TASK GOAL
Word for word, and without a single picture, repeat the entries.

(Records contained in a dataset)
•••••

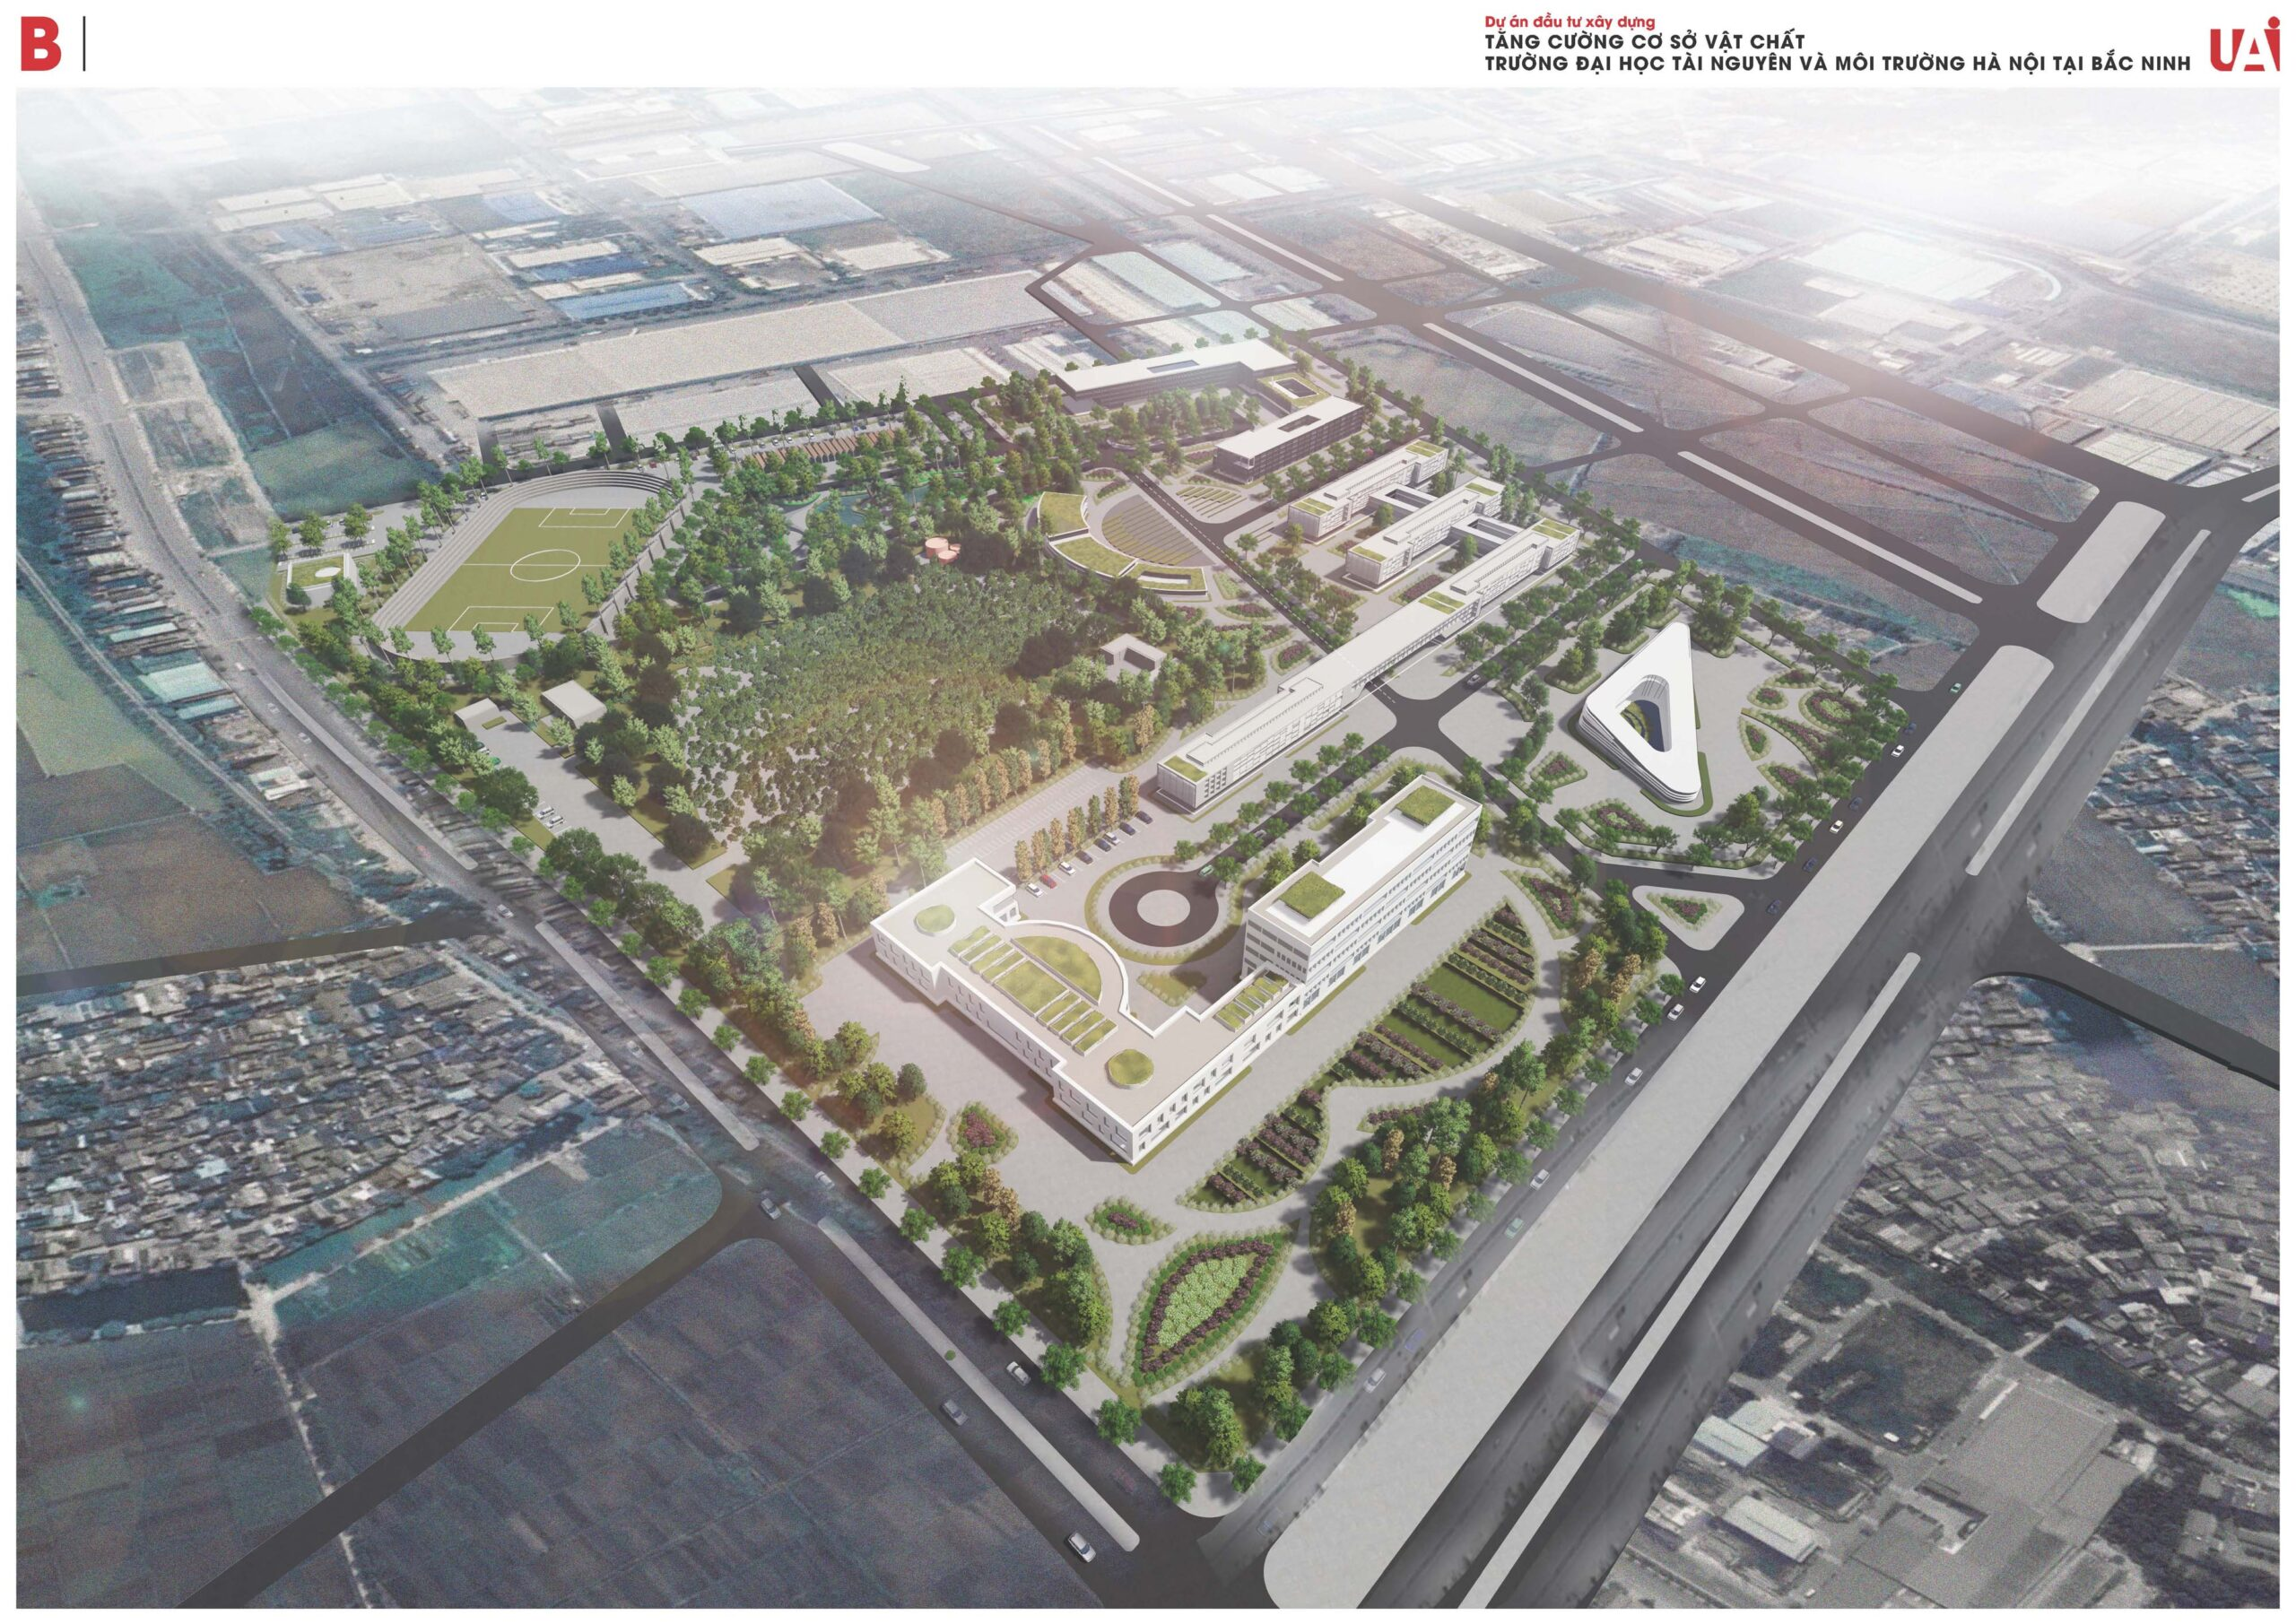 Ý tưởng Quy hoạch Kiến trúc Dự án Đầu tư Xây dựng tăng cường cơ sở vật chất trường Đại học Tài nguyên và Môi trường Hà Nội tại Băc Ninh
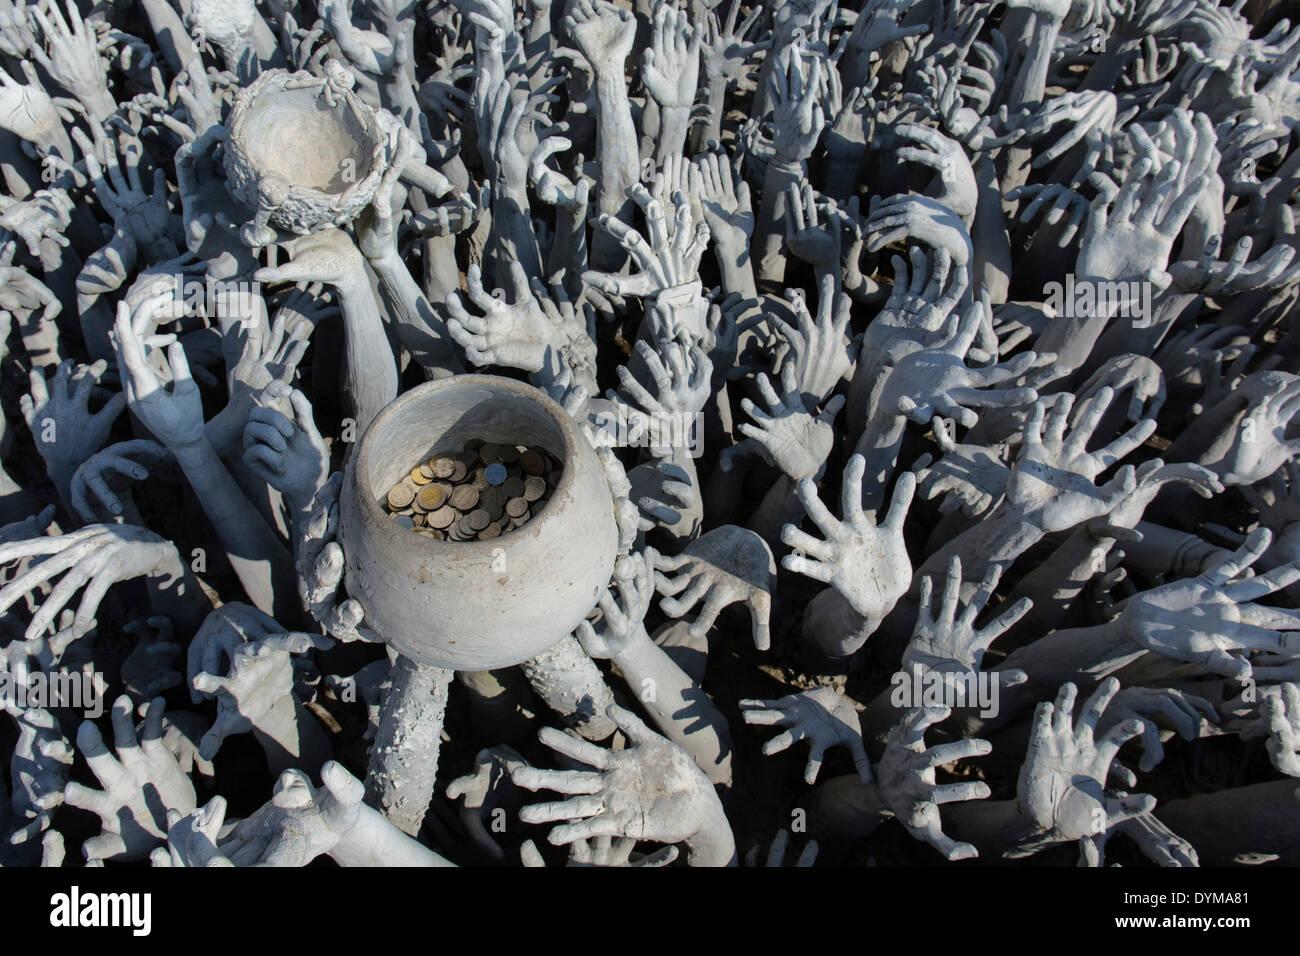 Darstellung der Hölle, Hände bittet um Hilfe und eine Bettelschale am Wat Rong Khun, Brücke zum Eingang des weißen Tempels, von Stockbild
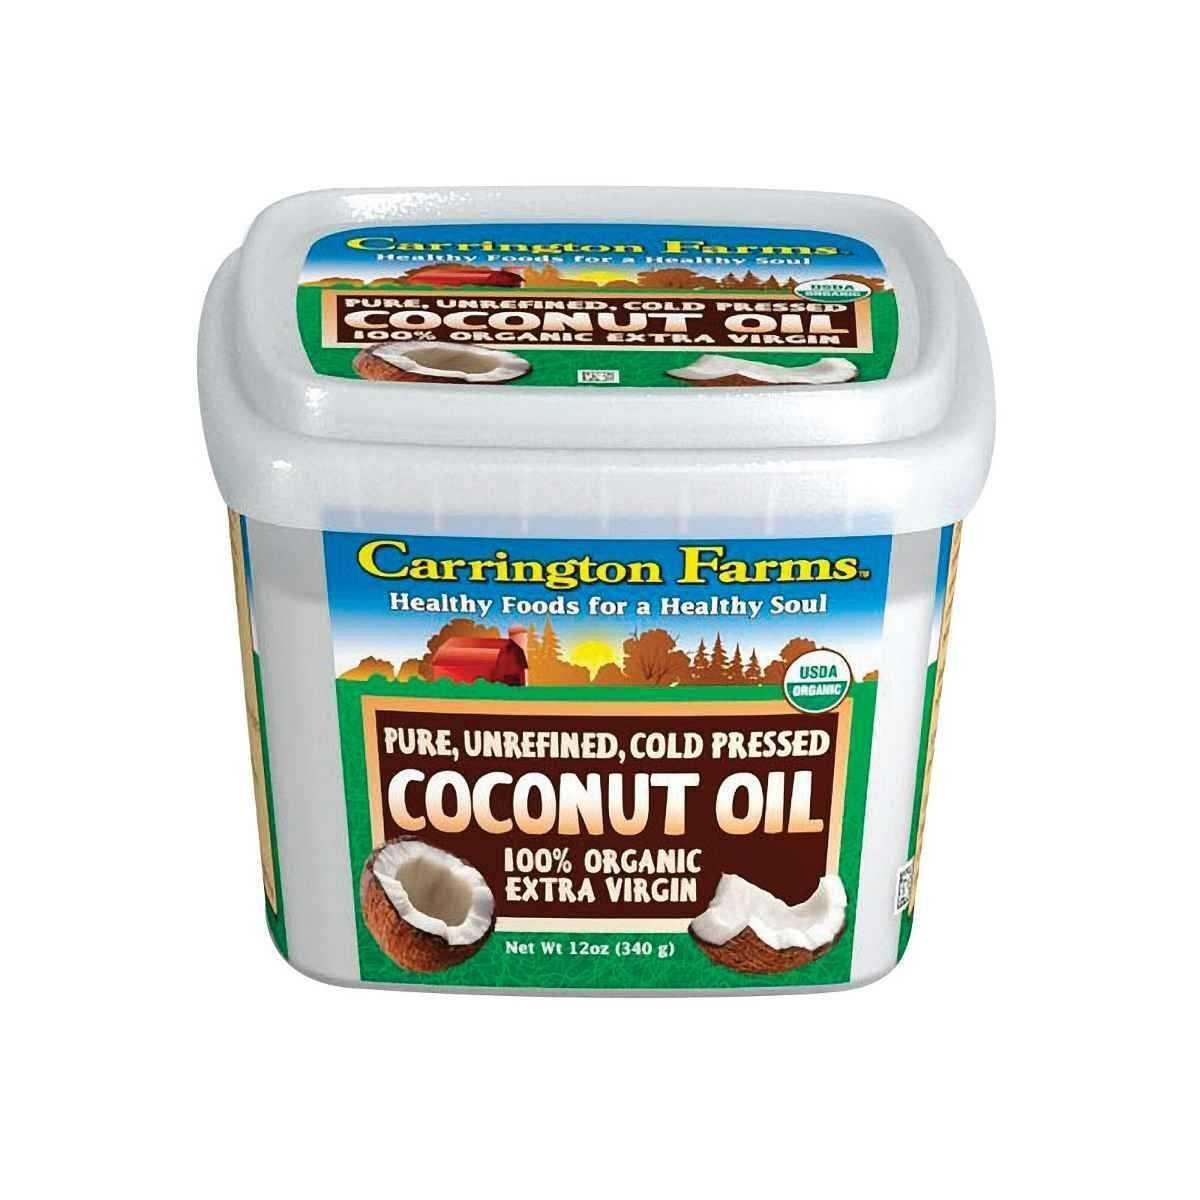 Carrington Farms Organic Extra Virgin Coconut Oil, 12 Fluid Ounce Tub - 6 per case.
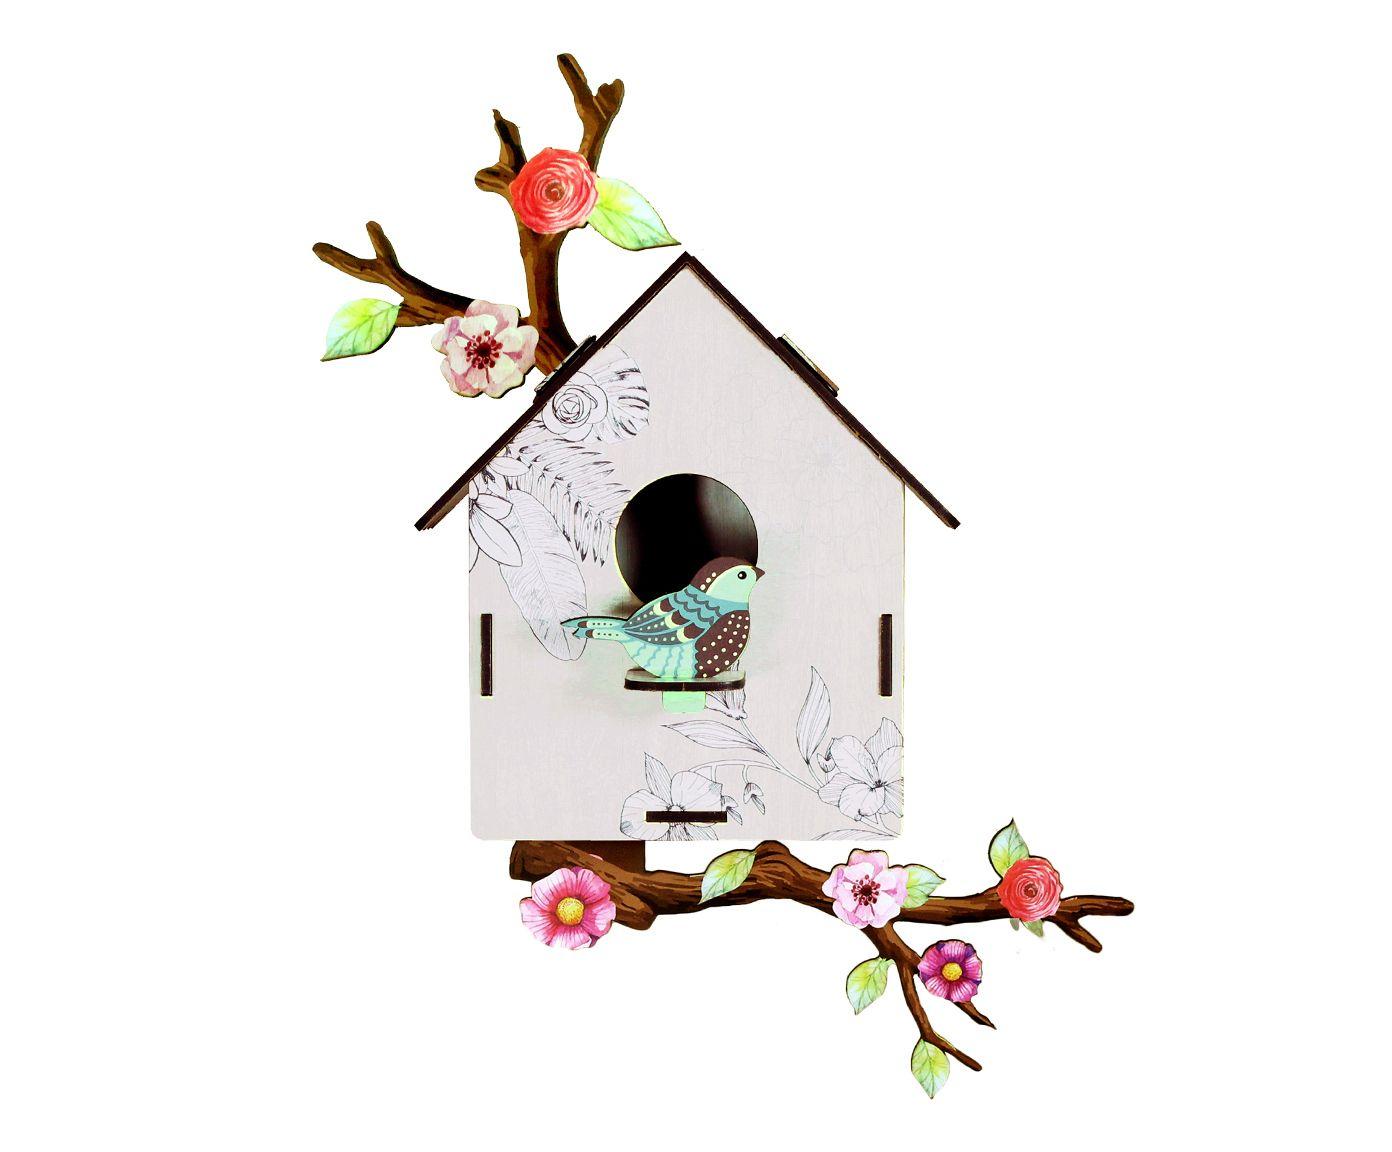 Adorno Casa de Passarinho Aaron | Westwing.com.br
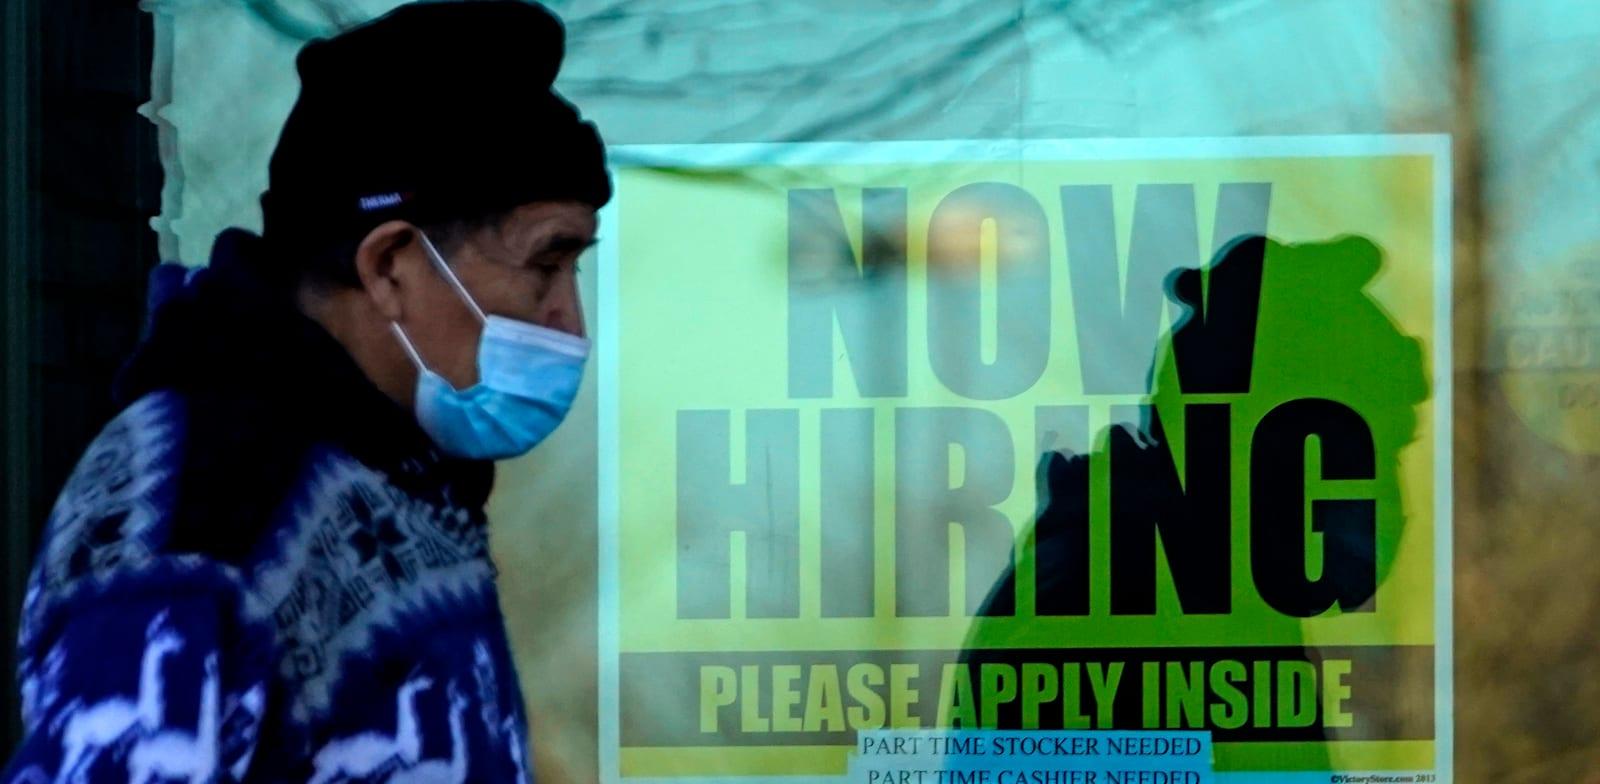 אזרח אמריקאי עובר ליד חנות שמגייסת עובדים באילינוי / צילום: Associated Press, Nam Y. Huh

•••••

TASK ANSWER
 Ý tưởng Quy hoạch Kiến trúc Dự án Đầu tư Xây dựng tăng cường cơ sở vật chất trường Đại học Tài nguyên và Môi trường Hà Nội tại Băc Ninh
 Darstellung der Hölle, Hände bittet um Hilfe und eine Bettelschale am Wat Rong Khun, Brücke zum Eingang des weißen Tempels, von Stockbild
 Carrington Farms Organic Extra Virgin Coconut Oil, 12 Fluid Ounce Tub - 6 per case.
 Adorno Casa de Passarinho Aaron | Westwing.com.br
 אזרח אמריקאי עובר ליד חנות שמגייסת עובדים באילינוי / צילום: Associated Press, Nam Y. Huh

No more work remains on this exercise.